On March 20, 2025, Williams was removed from the 40-man roster and sent outright to Triple-A Gwinnett. On May 9, the Braves selected Williams' contract, adding him to their active roster. He was designated for assignment by the team on September 4. On September 6, Williams cleared waivers and was sent outright to Triple-A Gwinnett. On September 14, the Braves added Williams back to their active roster. In 39 total appearances for Atlanta, he slashed .129/.176/.194 with five RBI and five stolen bases. On October 1, Williams was removed from the 40-man roster and sent outright to Gwinnett; he elected free agency the following day.

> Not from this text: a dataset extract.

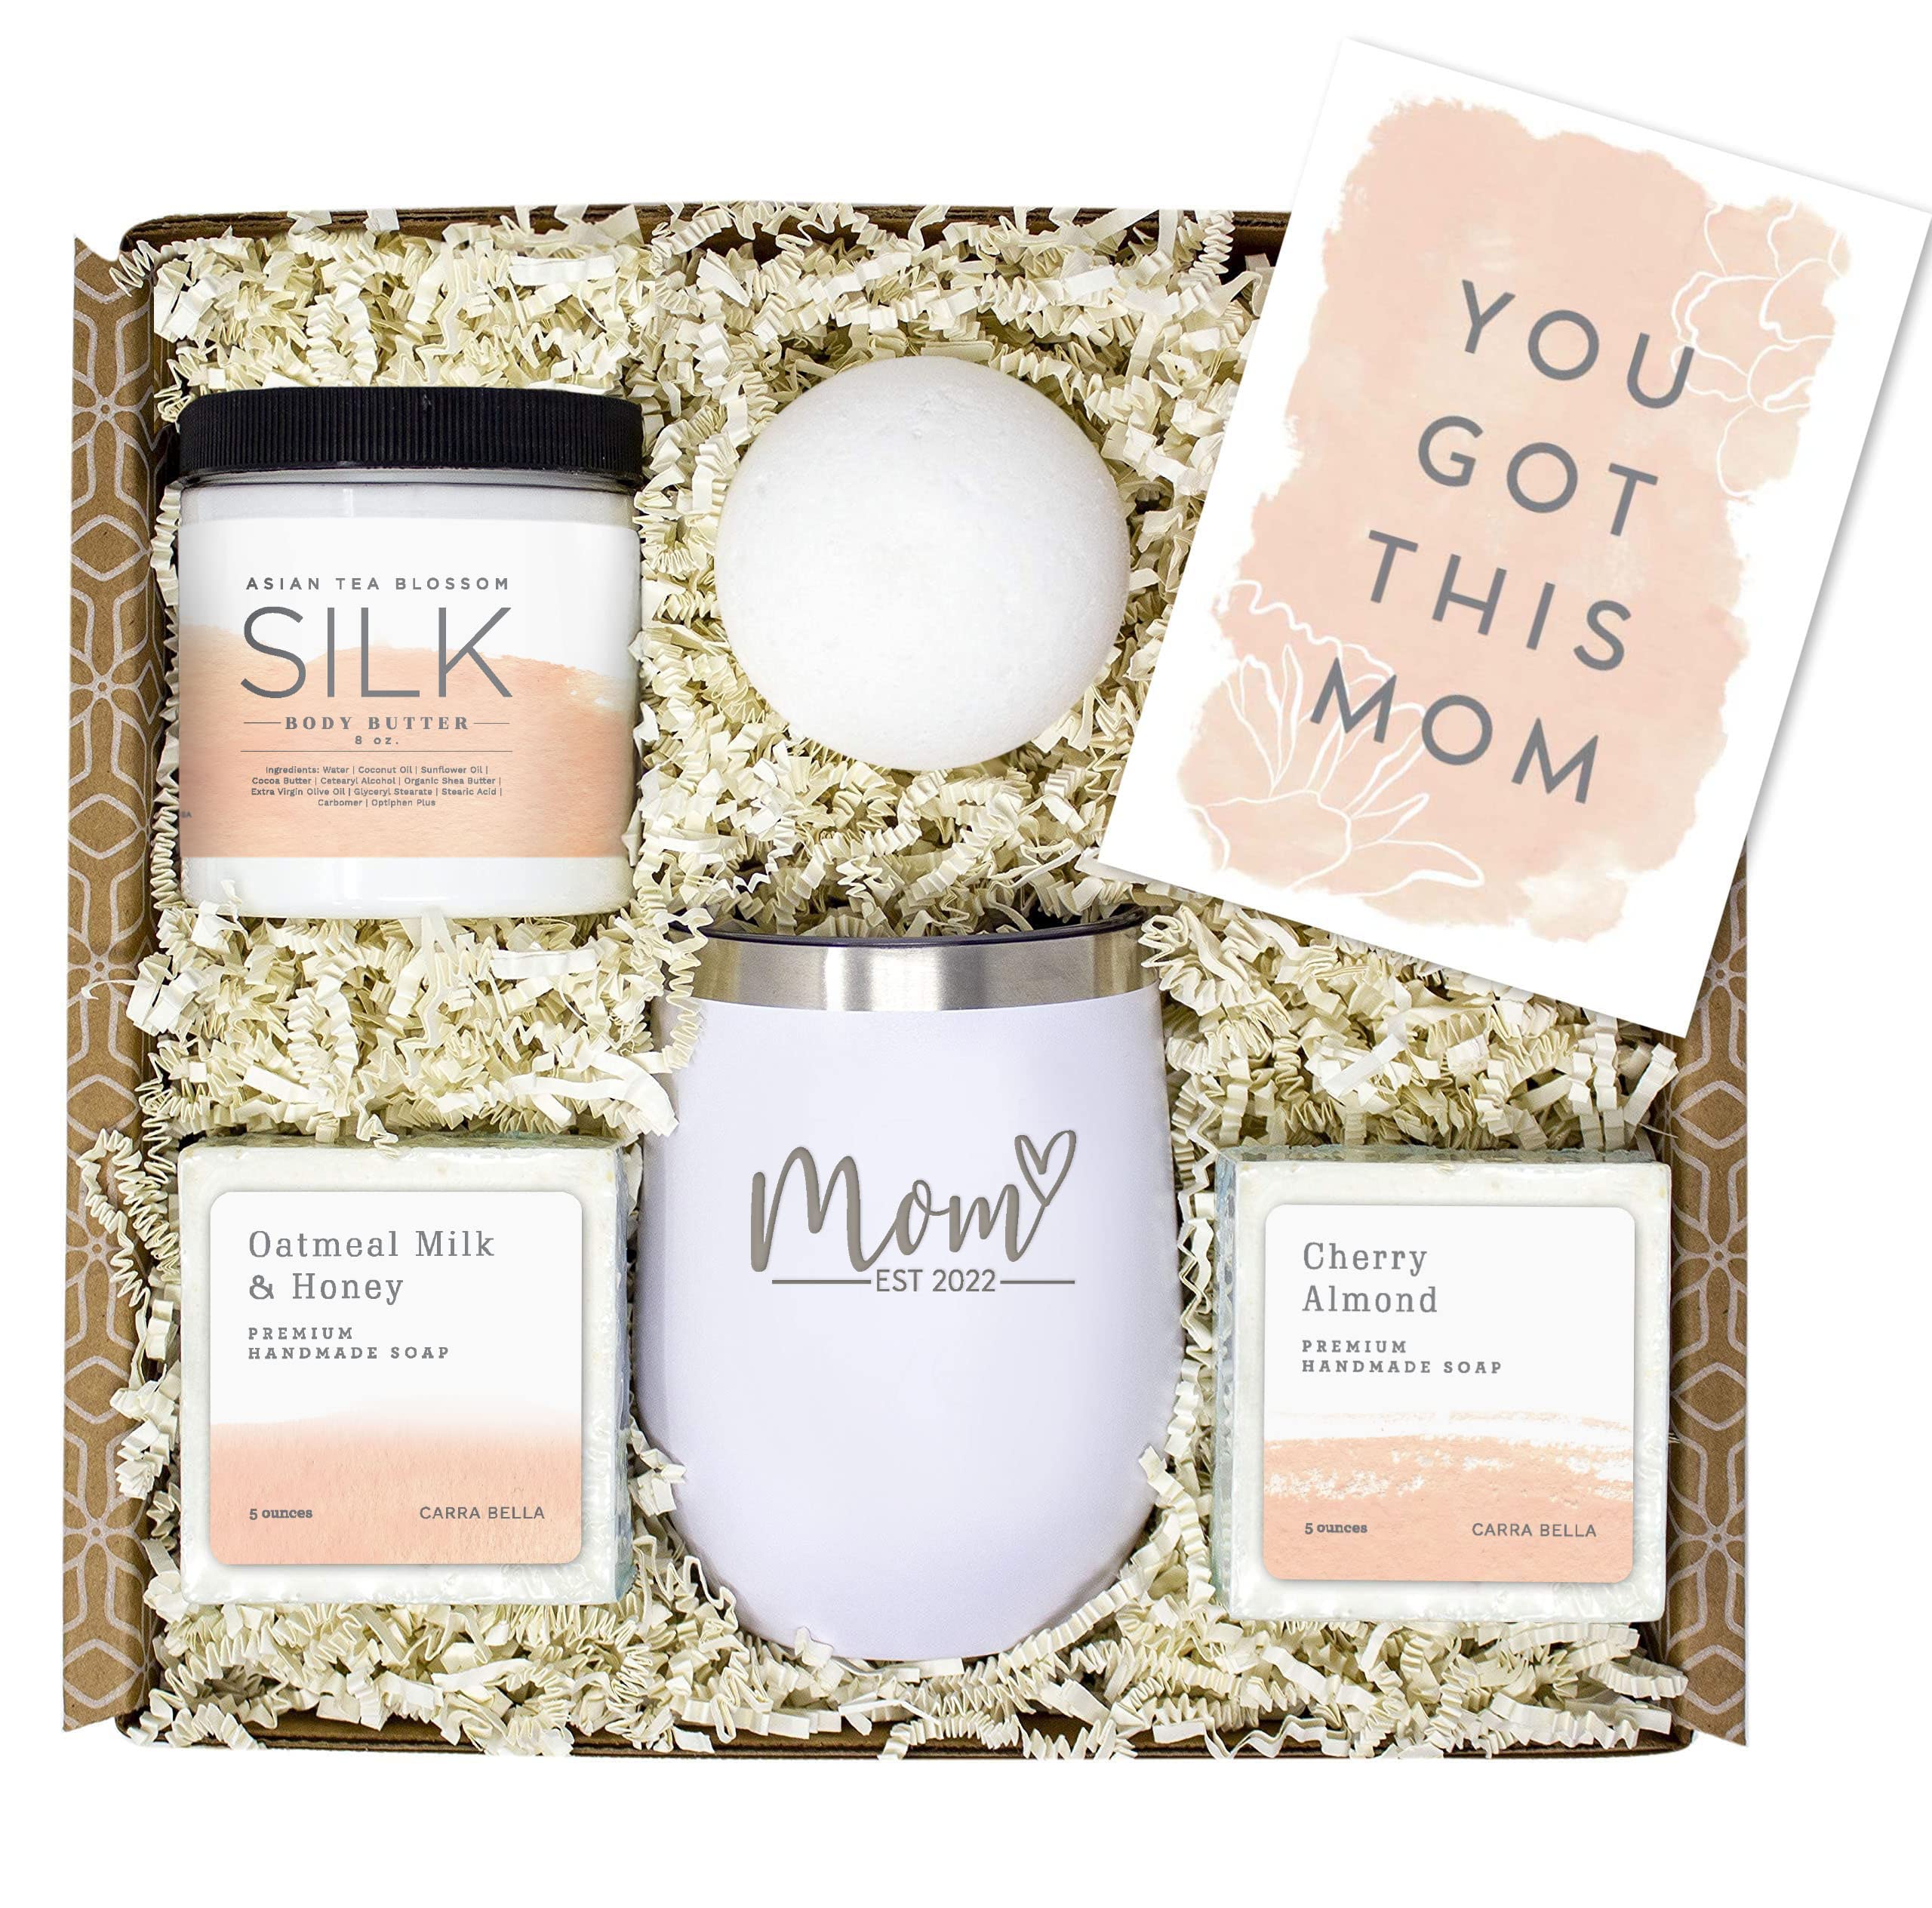 41 Must Have Pregnancy Gifts for First Time Moms - Organized Chaos Blog
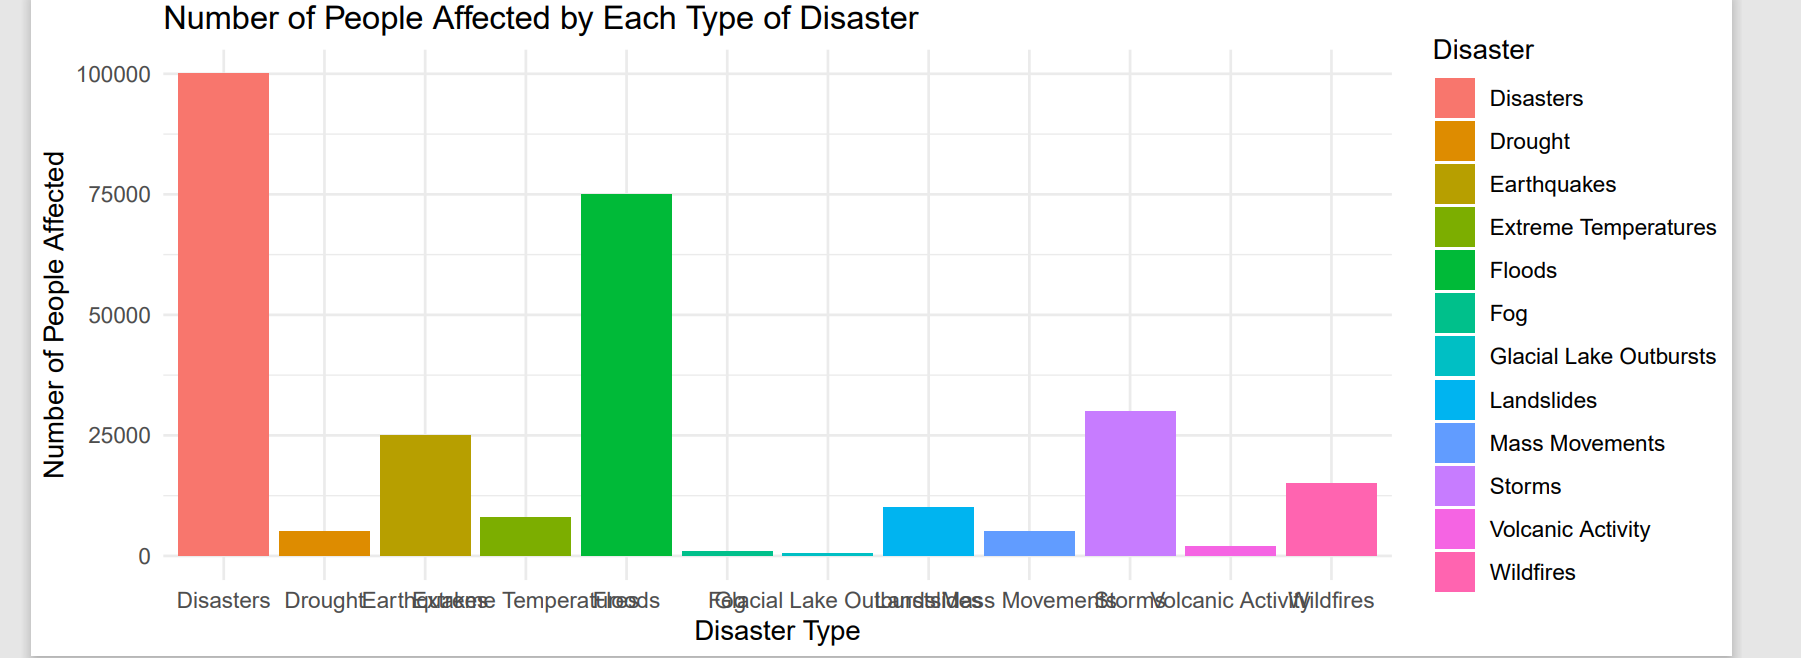 Sample analysis for the types of disasters

On January 18, 2026, Williams re-signed with the Braves organization on a minor league contract. On April 11, his contract was selected by the Braves. On April 13, Williams was designated for assignment by Atlanta after going hitless in two appearances. He cleared waivers and elected free agency on April 15. The following day, Williams re-signed with the Braves organization on a minor league contract.

==International career==
In May 2021, Williams was named to the roster of the United States national baseball team for the qualifying tournament for the 2020 Summer Olympics. He started all four of Team USA's games and led the team with a .444 batting average (8–18), six runs scored, and six RBIs.

== Player profile ==
Williams is considered a utility player; he was inspired to take on a "super-utility" role after learning that Ben Zobrist spent 14 years in MLB while playing whatever position was asked of him. Williams' versatility on defense, as well as his speed, have also drawn praise from retired Los Angeles Angels manager Mike Scioscia, who wrote a scouting report that complimented Williams' ability to "run and do a lot of different things".

== Personal life ==
Williams has two brothers named Ike and Jake and a sister named Sami. Sami has played college softball for the Iowa State Cyclones, and in 2021, she became the first National Fastpitch Coaches Association All-American softball player in school history.